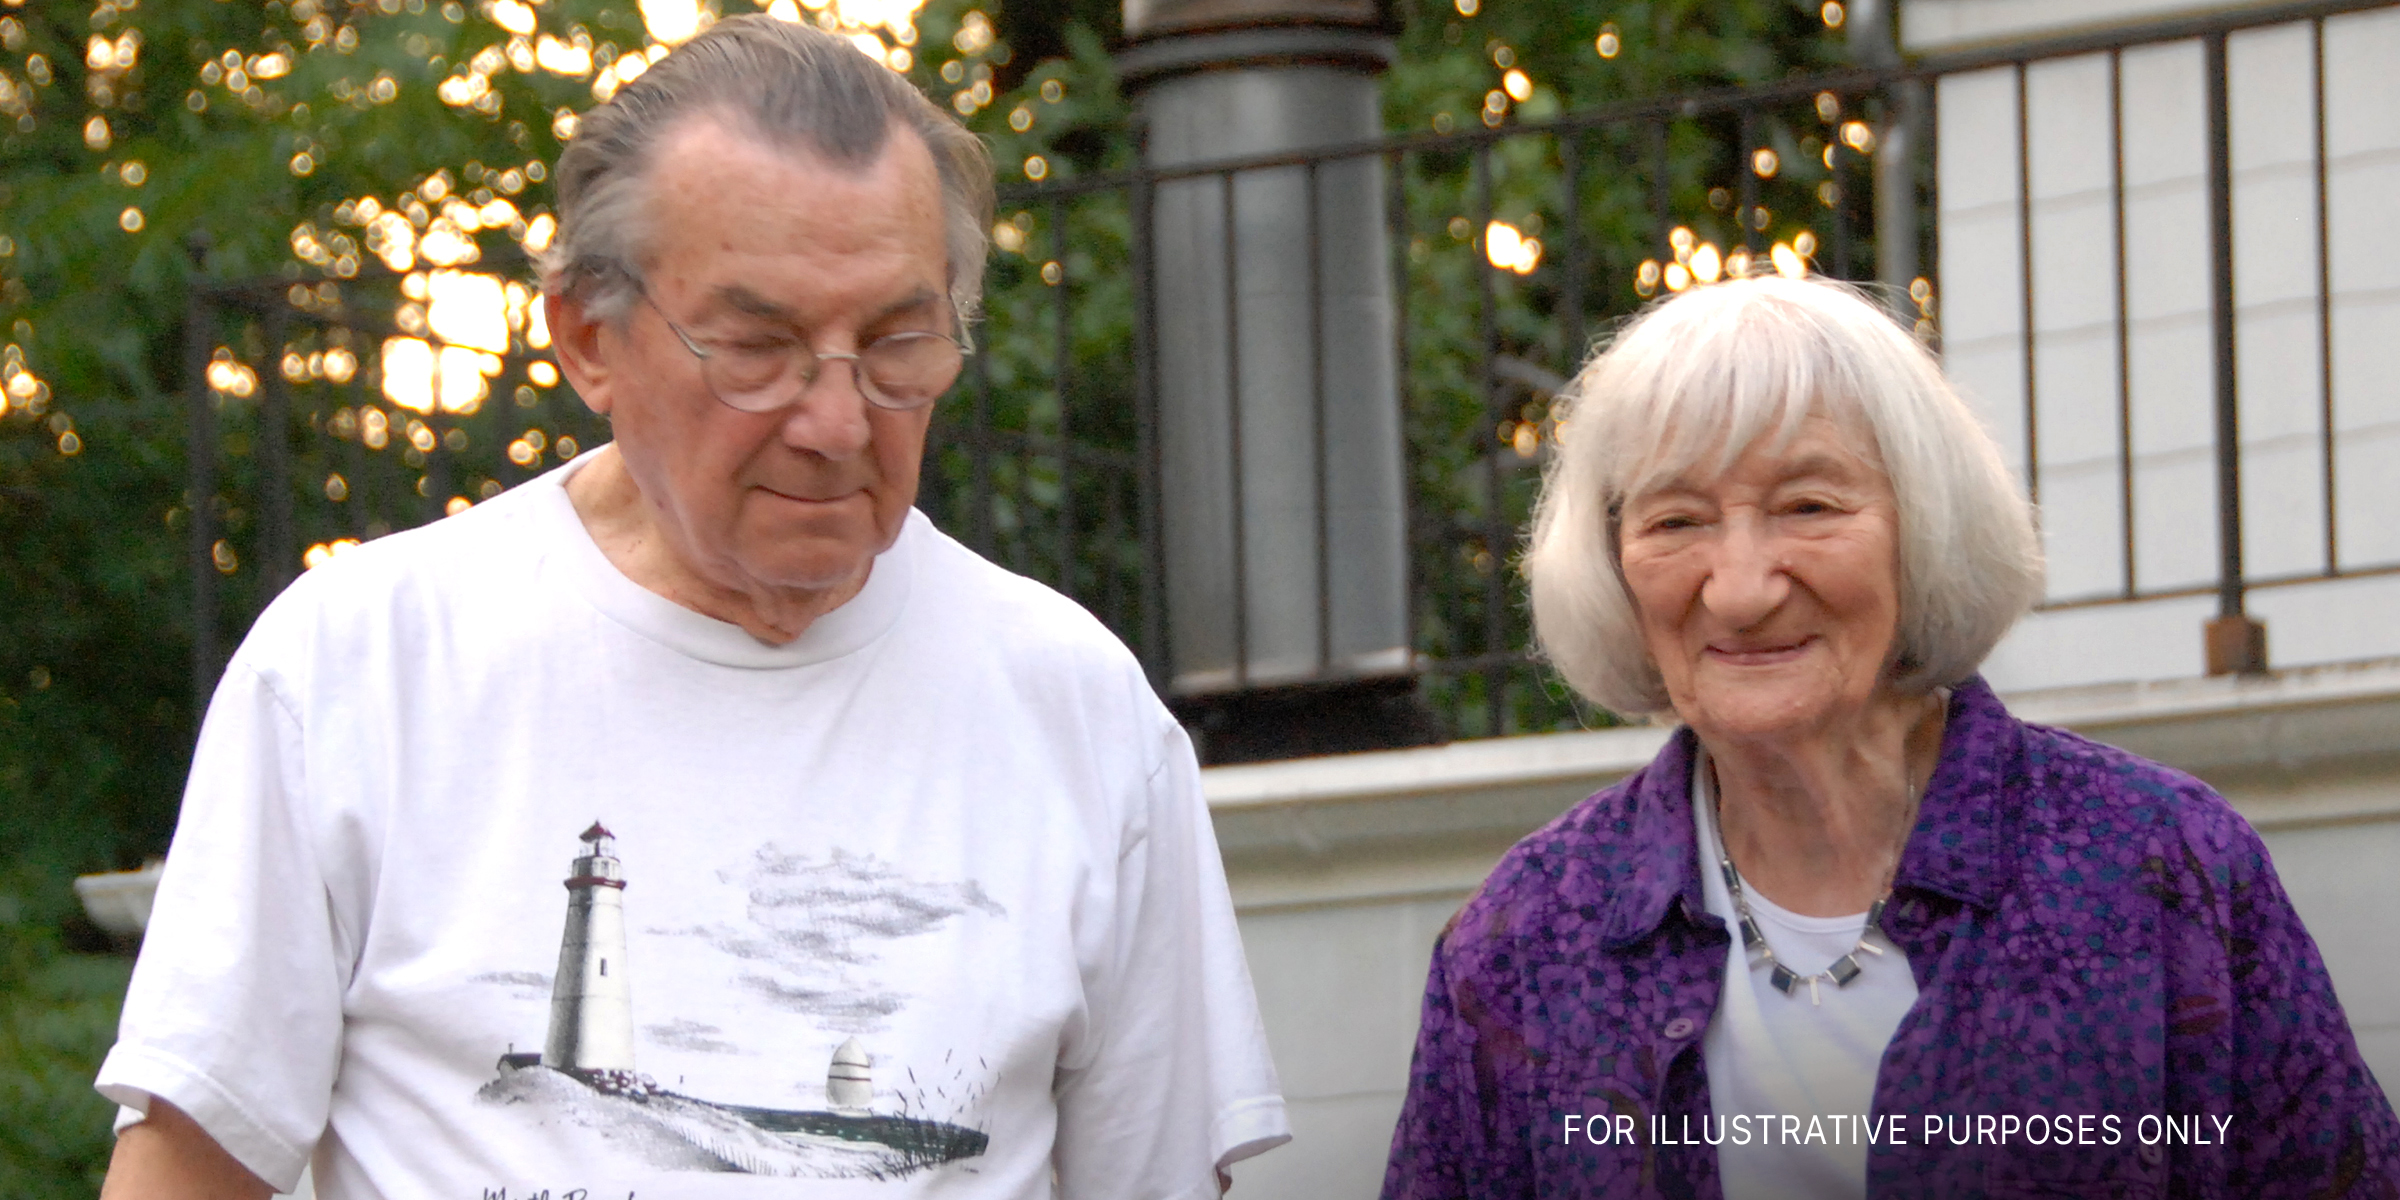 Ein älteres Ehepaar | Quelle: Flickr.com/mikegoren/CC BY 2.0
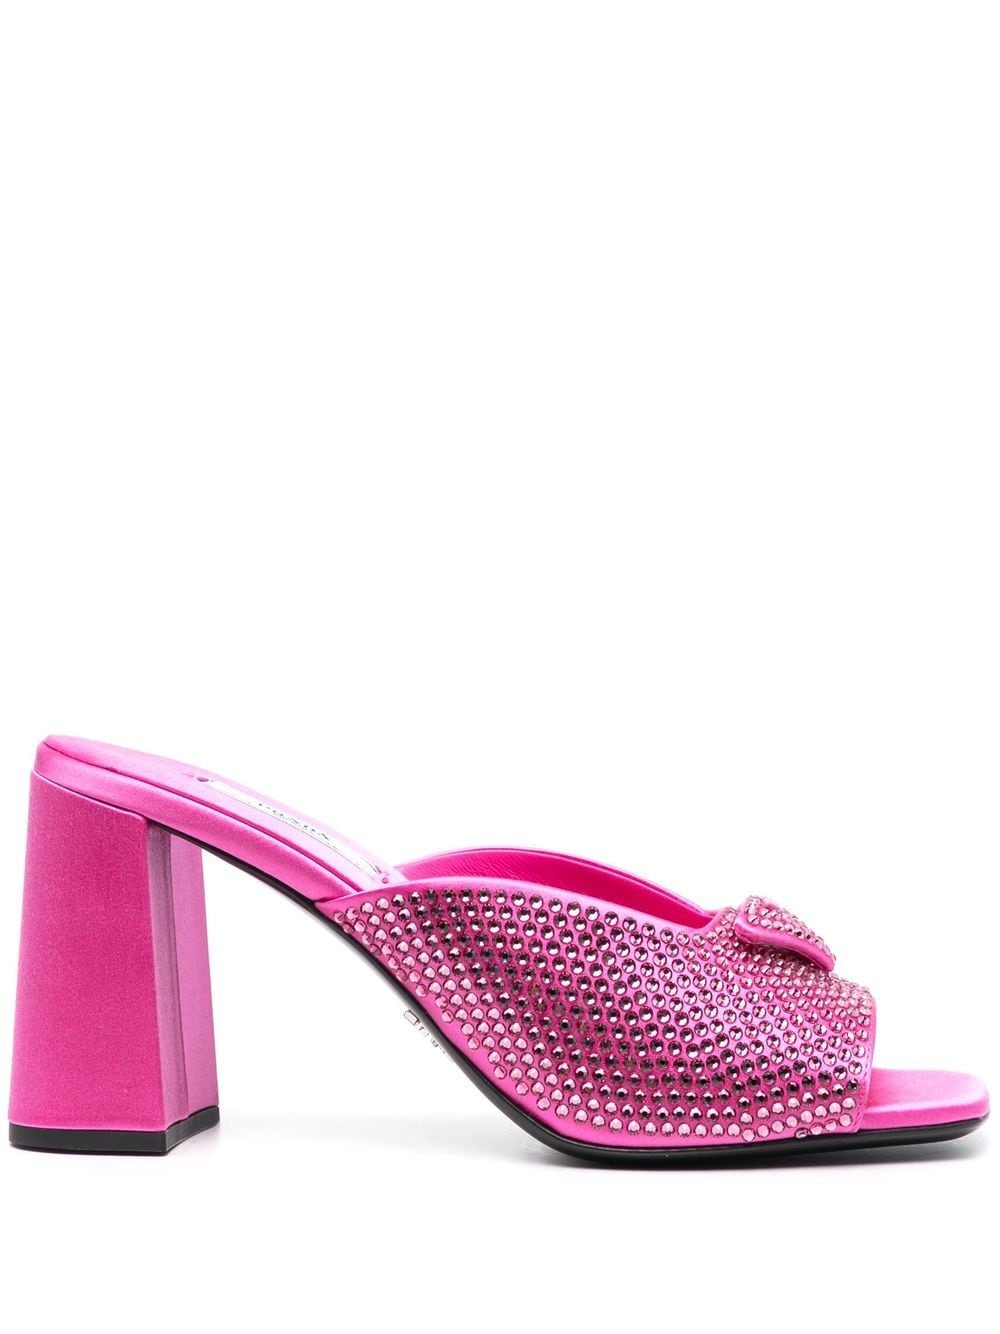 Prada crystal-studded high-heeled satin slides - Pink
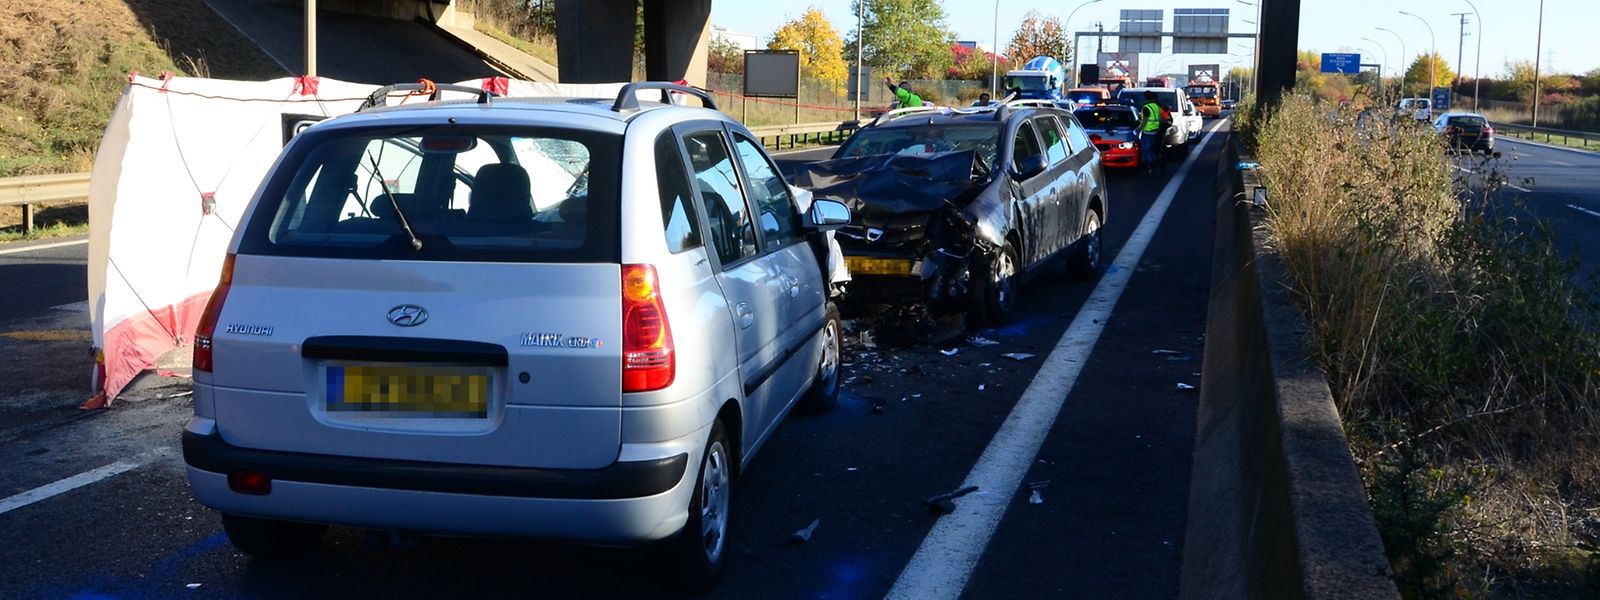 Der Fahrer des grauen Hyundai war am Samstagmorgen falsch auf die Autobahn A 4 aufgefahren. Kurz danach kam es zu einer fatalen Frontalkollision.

Task
Retype only the lines from the line with "Prada crystal-studded high-heeled" through the last line of the data. Keep both ends and skip the pictures.

Written answer
 Prada crystal-studded high-heeled satin slides - Pink
 Der Fahrer des grauen Hyundai war am Samstagmorgen falsch auf die Autobahn A 4 aufgefahren. Kurz danach kam es zu einer fatalen Frontalkollision.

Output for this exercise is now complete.